Shiite fighters on the southern edge of Tikrit, Iraq, on March 12. Despite advances by Shiite militias and government forces on Tikrit, most of Iraq’s Sunni belt—including the country’s second-largest city, Mosul—remains under Islamic State’s sway. Photo: Reuters
Emma Sky, The Atlantic: 'Iraq Is Finished'
Tribal leaders reflect on the enemy destroying their country from within.

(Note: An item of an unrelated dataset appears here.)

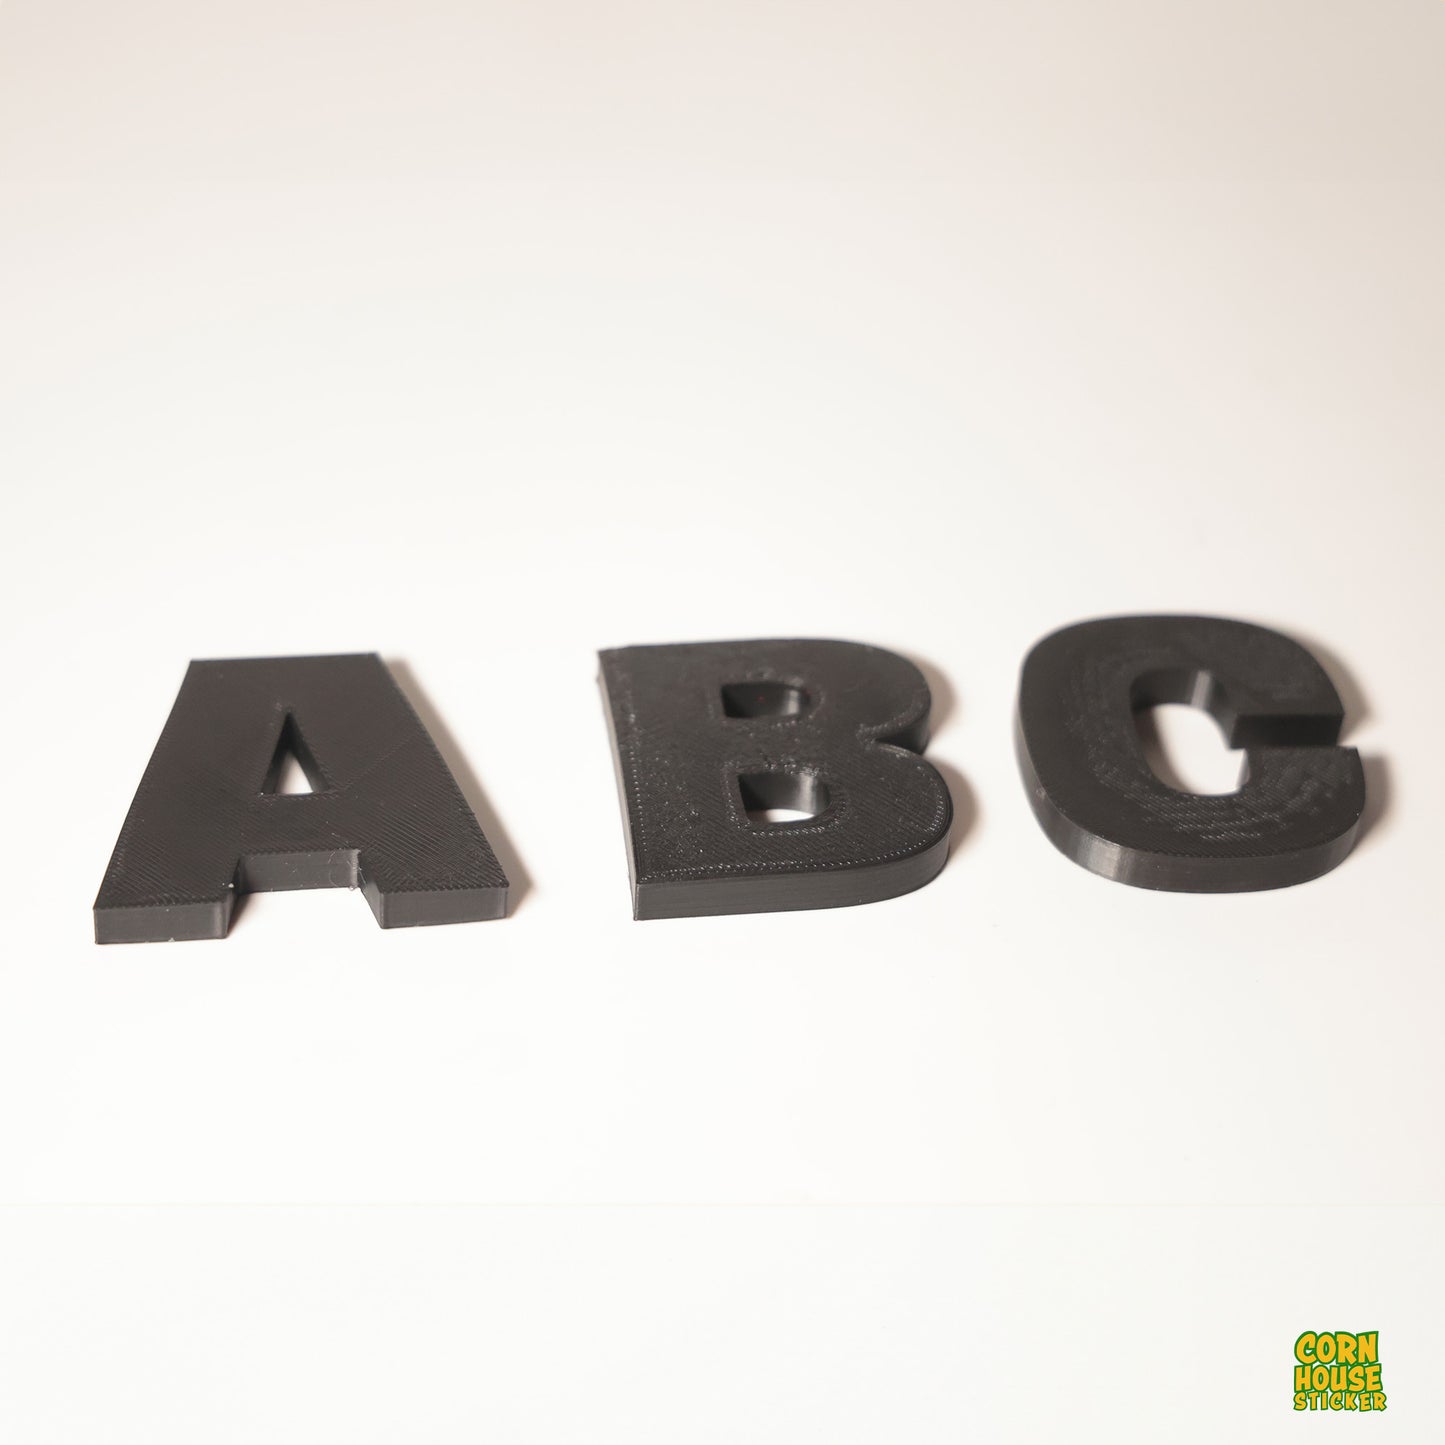 3D Printed letters

One afternoon this March, during a visit to Jordan, I sat on the banks of the Dead Sea with my Iraqi friend, Azzam Alwash. As we stared across the salt lake and watched the sun disappear behind the rocky crags of Israel, I recounted a trip I had taken to Jordan 20 years earlier to conduct field research on Palestinian refugees, as part of a Middle East peace effort designed to ensure that within a decade nobody in the region considered himself a refugee.
No one had an inkling back then that the numbers of refugees in the region would increase exponentially, with millions of Iraqis and Syrians displaced from their homes by international intervention and civil war. Nor had I imagined at the time that I would find myself in Iraq after the invasion of 2003, initially as a British representative of the Coalition Provisional Authority—the international transitional government that ran the country for about a year after the fall of Saddam Hussein—and then as the political advisor to U.S. Army General Raymond Odierno when he commanded U.S. forces in the country.
A number of the Iraqis I had gotten to know over the last decade had relocated to Jordan. I had gone there to see them and better understand events in the region—and the conditions that had led to the rise of the Islamic State.
WNU Editor: A sad and sobering essay .... and yes .... Iraq as we have know it is finished .... and I would also add Syria.